Руфин Гордин - Шествие императрицы, или Ворота в Византию
Потемкин — генерал-майору Синельникову
…Меня обкрадывают, как и прочих… Я в этом уверилась собственными глазами: рано утром видела из окна, как потихоньку выносили огромные корзины… Несколько лет назад, проезжая по берегам Волги, я разговорилась с тамошними обывателями.
Они жаловались на непомерные поборы чиновников: большую часть улова красной рыбы велено-де доставлять в царские конюшни. Представьте, я и не знала, что мои лошади едят стерлядей…
Екатерина — Сегюру
Вы приказали червям работать на людей… Ахтуба приносит Вам на платье. Ежели моление мое услышано будет, то Бог продлит лета Ваши, и Ты, Милосердная Мать, посещая страны, мне подчиненные, увидишь: шелками устлан путь.
Потемкин — Екатерине
Я беспрестанно делаю ошибки против языка и правописания. Сегюр знает, что у меня порою претупая голова: ему так и не удалось побудить меня к стихосложению. Без шуток, я думаю, что… если бы я была простою женщиной, то ваши милые парижские дамы не нашли бы меня, пожалуй, достойной своего общества…
Екатерина — принцу де Линю
Тихую весеннюю ночь вдруг сотряс неистовый грохот. Киевляне проснулись в холодном поту. Они уже успели привыкнуть к пушечной канонаде в честь ее величества императрицы всероссийской. Но это было похоже на начало военных действий…

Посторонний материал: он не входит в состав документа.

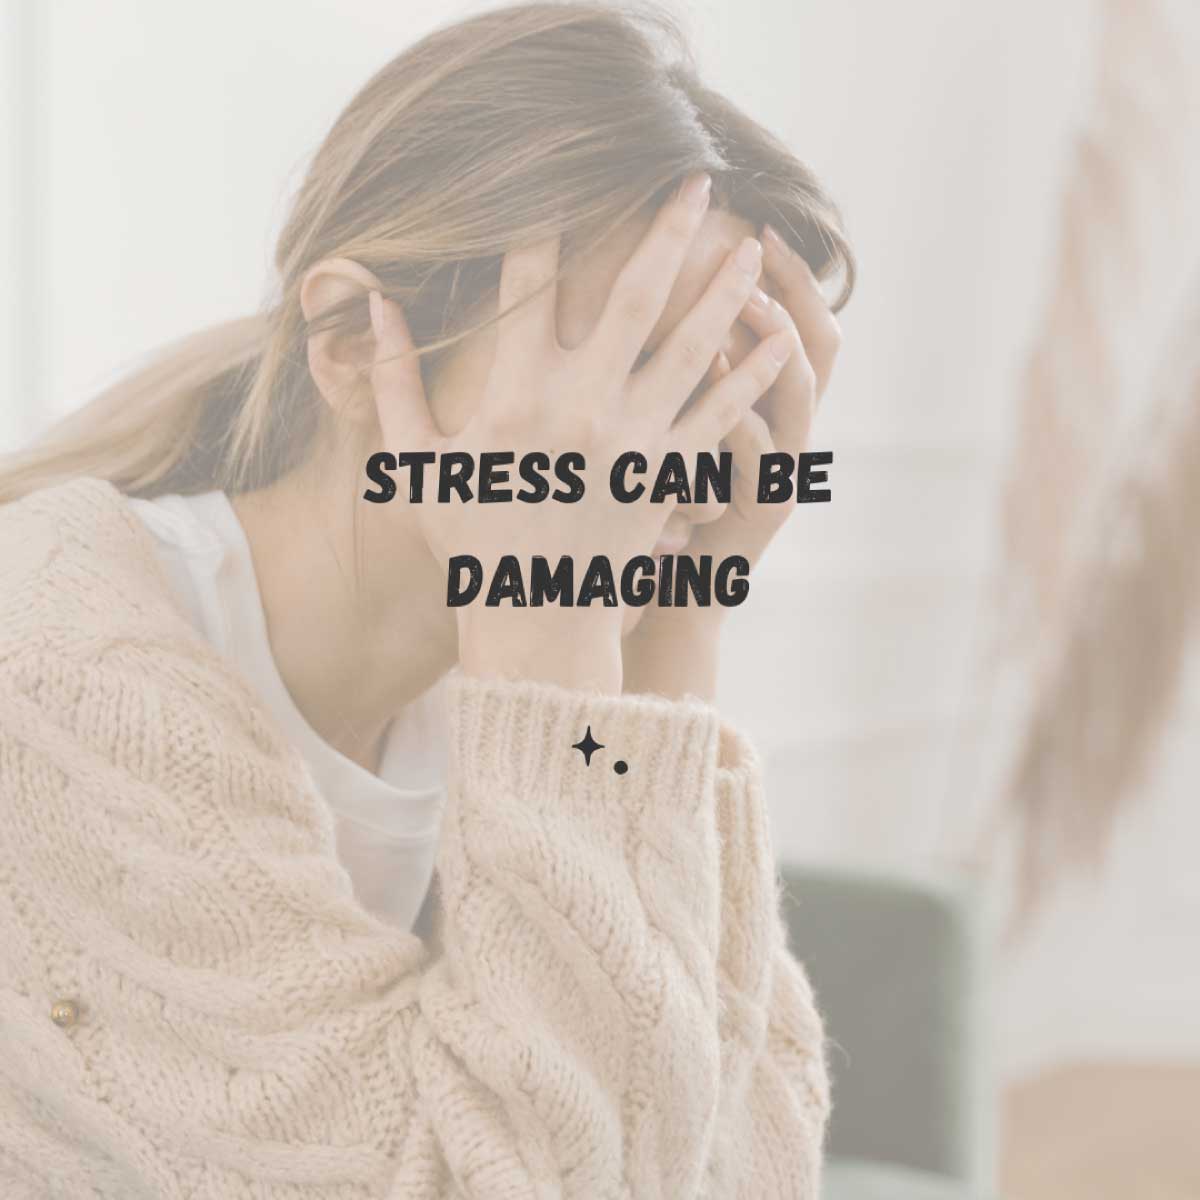 stress can be damaging - a woman sitting with her head in her hands and appears to be stressed out.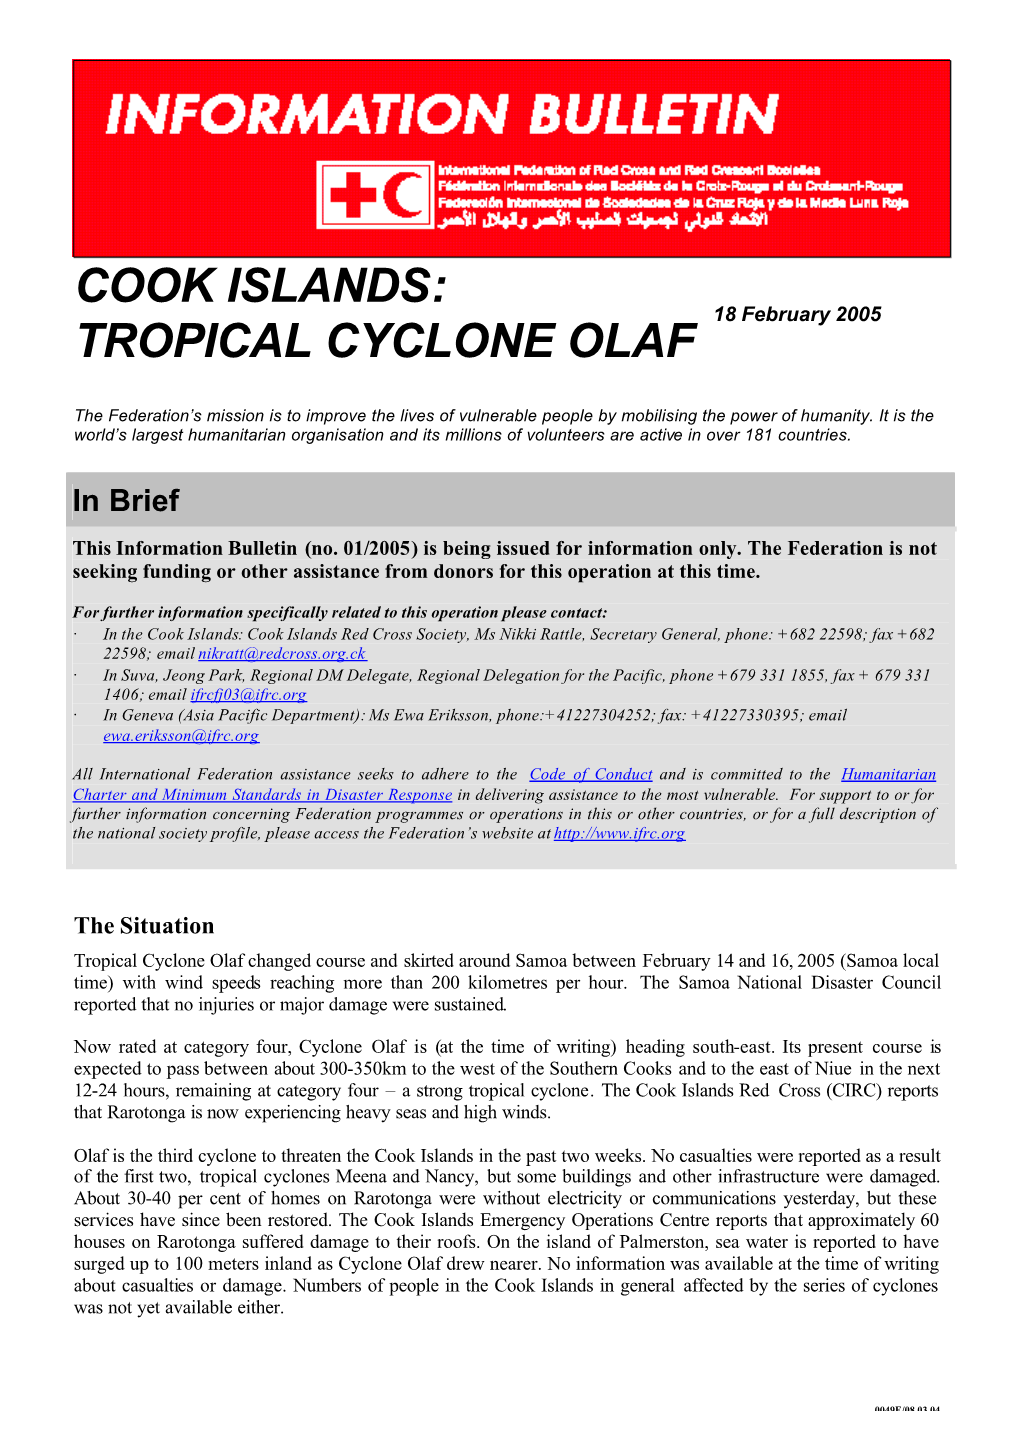 Cook Islands: Tropical Cyclone Olaf; Information Bulletin No

Осада? Турки? Татары? Охота на императрицу и весь цвет российского вельможества и воинства? Для сего избрана мирная ночь?..
Грозный гул постепенно сменился треском и скрипом. Он то затихал, то снова нарастал… Затихало и смятение человеков.
Ледоход. Днепр тронулся. Окончилась его зимняя спячка.
Подходило к концу и почти трехмесячное пребывание императорского кортежа в матери городов русских — Киеве. Градская и губернская власти были обласканы, награждены и ублаготворены сверх меры. Все это время город жил взбудораженно и напряженно. Балы, маскарады и приемы сменяли друг друга. Было сделано все для увеселительного препровождения досугов ее императорского величества со свитою.
Проснулся от спячки, а лучше сказать, затянувшейся хандры и светлейший князь Потемкин. Государыня, зная этот его недуг, повелела князя не беспокоить, пока сам не придет в чувство.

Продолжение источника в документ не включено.